Figure 4: Comparison of different character detectors. Images in the top row from left to right are the input image and output of the baseline detector. Images in the bottom row from left to right are outputs of “COCO-Text Semi” and “COCO-Text Weakly” detectors, respectively. The thickness of the box boundary lines indicates the detection confidence

Training
- Base model：ICDAR2013的字符集
- FORU： FORU_Semi為半監督，FORU_Weakly為弱監督，FORU_GT為完全監督（FORU本身有字符集標注信息，COCO-Text上沒有，故沒有COCO-Text_GT）。FORU_GT的目的在於驗證用半監督和弱監督的方法也可以達到幾乎和完全監督的效果是一樣的（FORU_GT算是算法的精度上限），證明其半監督和弱監督的有效性；
- COCO_Text：由於COCO-Text的樣本集比FORU大，所以實驗證明了無監督數據越多，效果越好；

實驗結果

速度說明
- Nvidia Titan X GPU
- ICDAR2013：190ms-SSD模型，130ms-text line model，總的320ms/每張圖
ICDAR13

總結與收獲

這篇文章最大亮點無疑是用弱監督來擴增訓練數據的思想，非常有參考價值，所以雖然點少但是也中ICCV。但是文中沒有太多訓練細節，比如在新的數據庫上是重新train還是在原base model上fine-tune的，以及SSD的anchor設置細節之類的。
不看亮點，單看檢測方法，其缺點在於：第一，速度比較慢；第二，只能處理水平的，無法處理多方向的；第三，由於采用了character-based的pipeline，導致必須加上text flow里的圖模型來合並文本線。這種思路不但需要兩個分離的模型，速度降低，也會因為分步累計誤差，且無法端到端訓練。且第二點也是因為采用這種pipeline導致的，實際上要將character合並成多方向的text line也是可以的，但是不能用text flow里的，而是需要設計新的算法來替換（這個也蠻有難度的）。

免責聲明！

本站轉載的文章為個人學習借鑒使用，本站對版權不負任何法律責任。如果侵犯了您的隱私權益，請聯系本站郵箱yoyou2525@163.com刪除。

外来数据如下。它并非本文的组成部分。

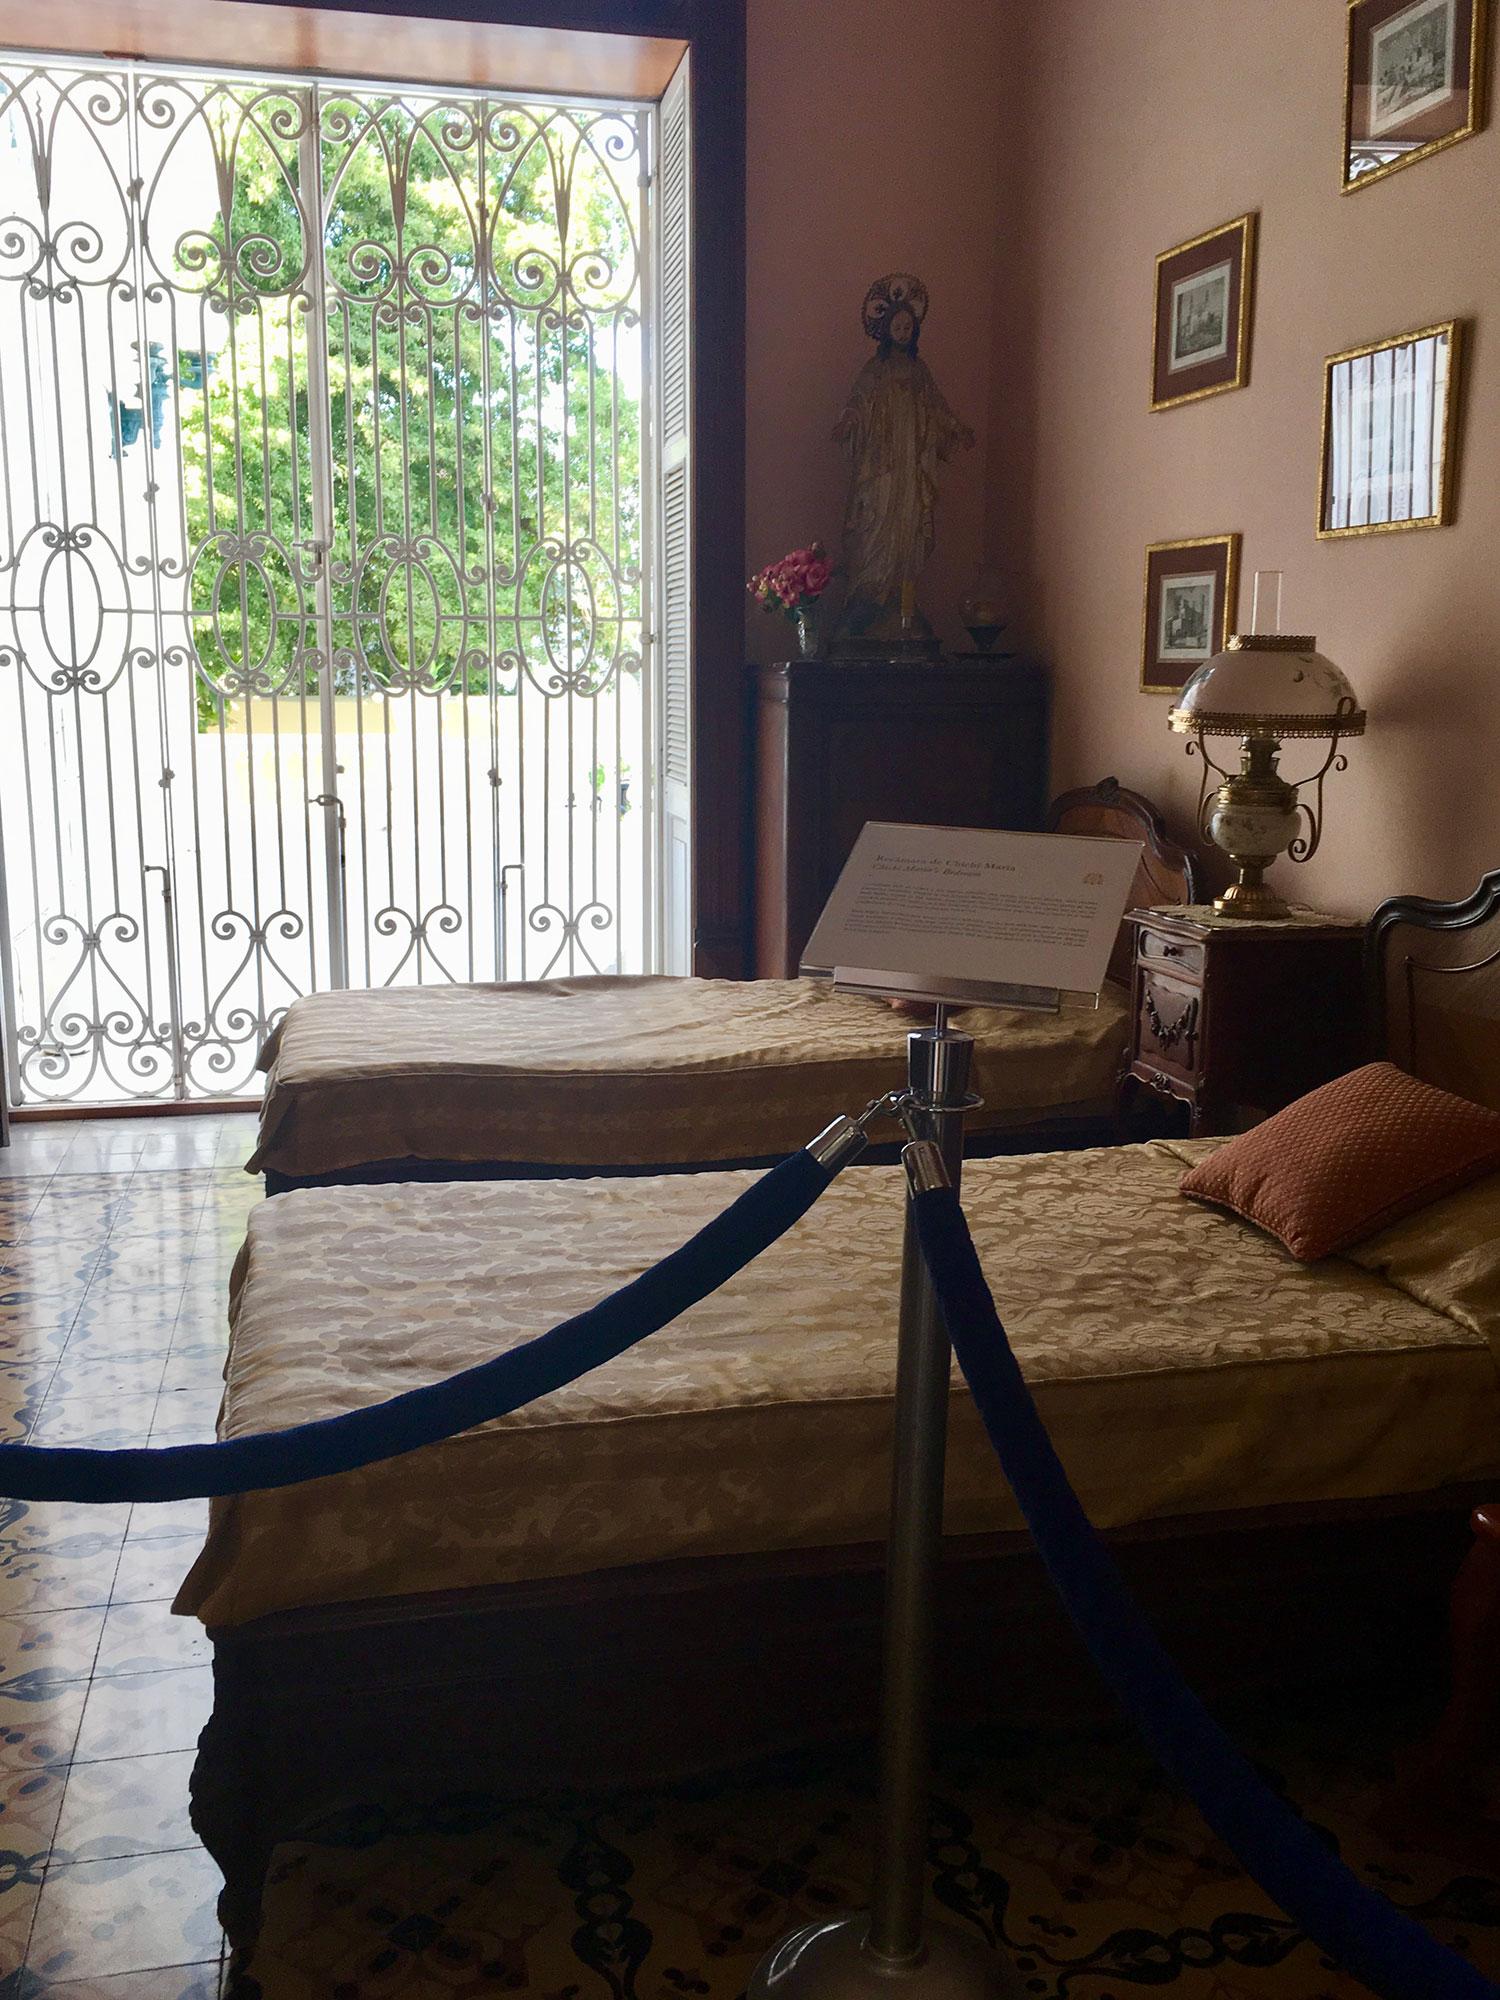 Hammocks_and_Ruins_Mayan_Mythology_What_to_Do_Mexico_Maya_hacienda_merida_quinta_montes_molina19.jpg

猜您在找 論文閱讀（Lukas Neumann——【ICCV2017】Deep TextSpotter_An End-to-End Trainable Scene Text Localization and Recognition Framework）論文閱讀筆記四十四：RetinaNet:Focal Loss for Dense Object Detection(ICCV2017）公式推導【BACF//ICCV2017】論文速讀（Chuhui Xue——【arxiv2019】MSR_Multi-Scale Shape Regression for Scene Text Detection）【論文速讀】Chuhui Xue_ECCV2018_Accurate Scene Text Detection through Border Semantics Awareness and Bootstrapping 【論文速讀】XiangBai_CVPR2018_Rotation-Sensitive Regression for Oriented Scene Text Detection 【論文速讀】Pan He_ICCV2017_Single Shot Text Detector With Regional Attention 【論文速讀】Cong_Yao_CVPR2017_EAST_An_Efficient_and_Accurate_Scene_Text_Detector 場景文本檢測(Scene text detection) -- CTPN 論文閱讀筆記三：R2CNN：Rotational Region CNN for Orientation Robust Scene Text Detection(CVPR2017)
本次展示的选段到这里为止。